Now, what does that have to do with fandom racism?

Plenty.

Unfortunately.

Years ago, I wrote about how fandom would write Black characters as “Black brutes”, exaggerating their size and stamina so that they were basically fuck machines for a non-Black character’s pleasure. In Luke Cage – Looks Like A Cinnamon Roll…, I wrote that:

The literary Black brute has existed for at least a hundred years and it is inextricably linked with fears of Black masculinity and Black male sexuality. It’s also a literary trope that is present in media to this day.

Black male bodies are objectified in a very specific way: The bigger they are, the more inherently violent and sexually accessible they’re portrayed as.

That piece focused primarily on the Star Wars and Marvel Cinematic Universe fandoms as those were the fandoms I was looking at the closest at the time. Now, almost four years later, I’m starting to realize that many people don’t actually get how pervasive this trend is or how the way we sexualize racialized bodies – the bodies of people/characters of color – often ties back into internalized racism. Yes, even when we fans of color create content for characters of color that look like us.

So, let’s talk generally about body politics largely orienting around cis male characters of color (and some cis female characters of color) and the way erotic content can be racist and racialized, how creators have messed up in the past, how we can all do better, and how we can reach out if we notice an issue with an artist who is open to constructive criticism (as well as what to do it well… they’re not.)

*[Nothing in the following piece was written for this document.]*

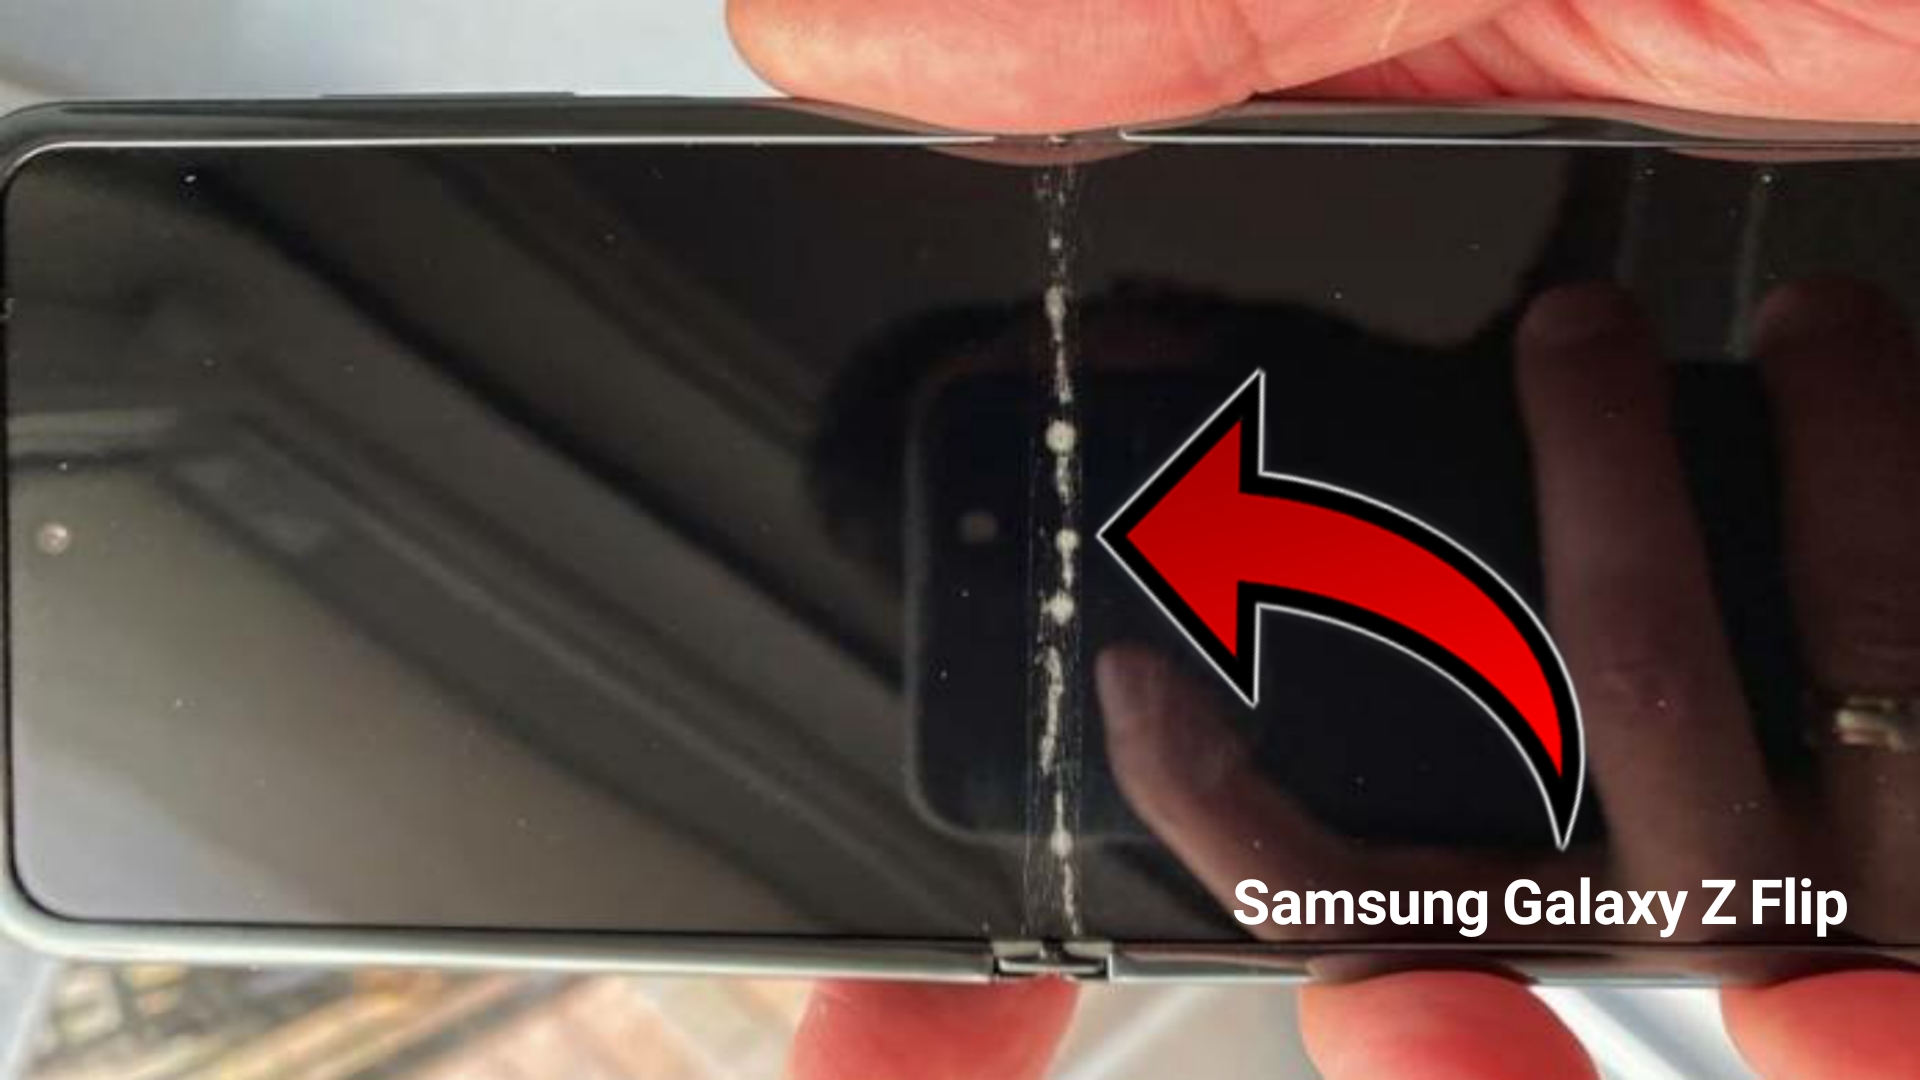 ظهور صور لهاتف Samsung Galaxy Z Flip القابل للطي تبين تشقق طبقة الحماية بشكل واضح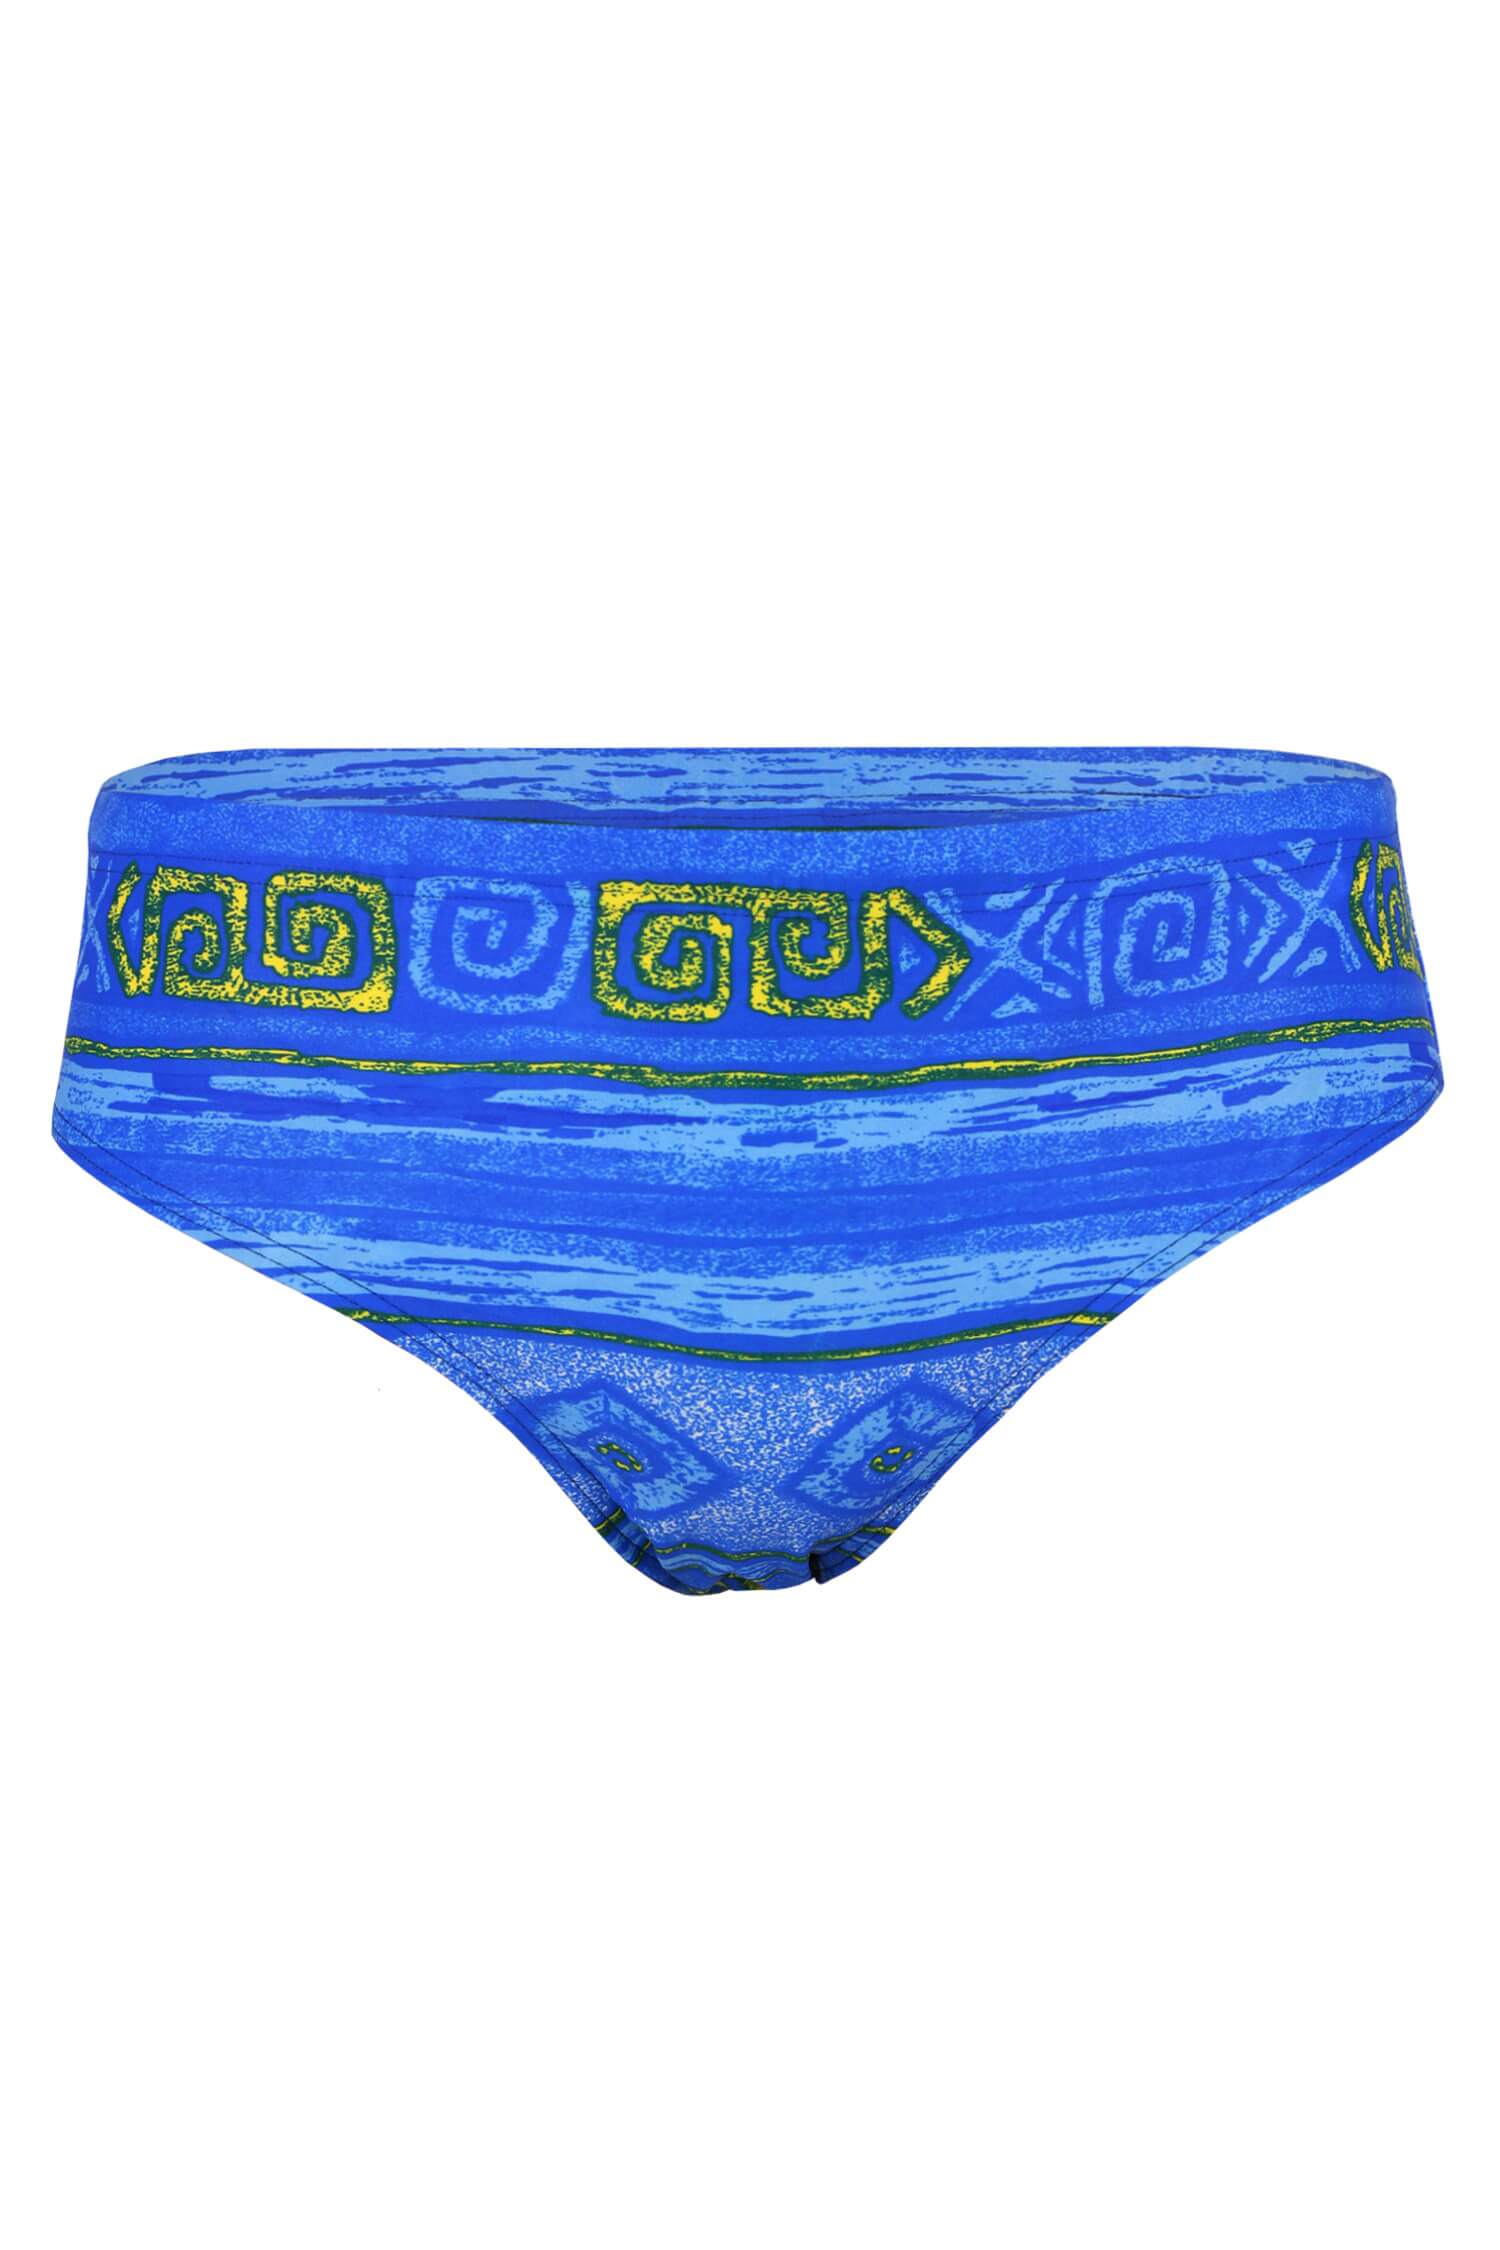 Madera Aztec pánské slipové plavky S modrá

Let’s start with the body basics so you know what approach I’m taking here:

The size differences I’m talking about are greater than a mere inch or so between the character in canon and the character in fandom. Anyone saying that that’s what the conversations around size difference are about is likely looking at the extreme portion of folks in fandom… and choosing to take that as the way that discourse is shaped by default.

When we talk about the basics of body-based discourses in fandom, we’re talking generally about a few main things:

  • Black/brown characters written or drawn as significantly larger (height and muscle-wise) than their canon self and/or a white character or a light-skinned character of color
  • East Asian characters being written or drawn as smaller (sometimes more “feminine”) than Black/brown characters they may be paired with… as well as with white characters
  • How Black/brown characters are “gifted” with giant genitals. Primarily cis men, but in Omegaverse settings, Black/brown “alpha females” in some universes are similarly and dubiously “blessed”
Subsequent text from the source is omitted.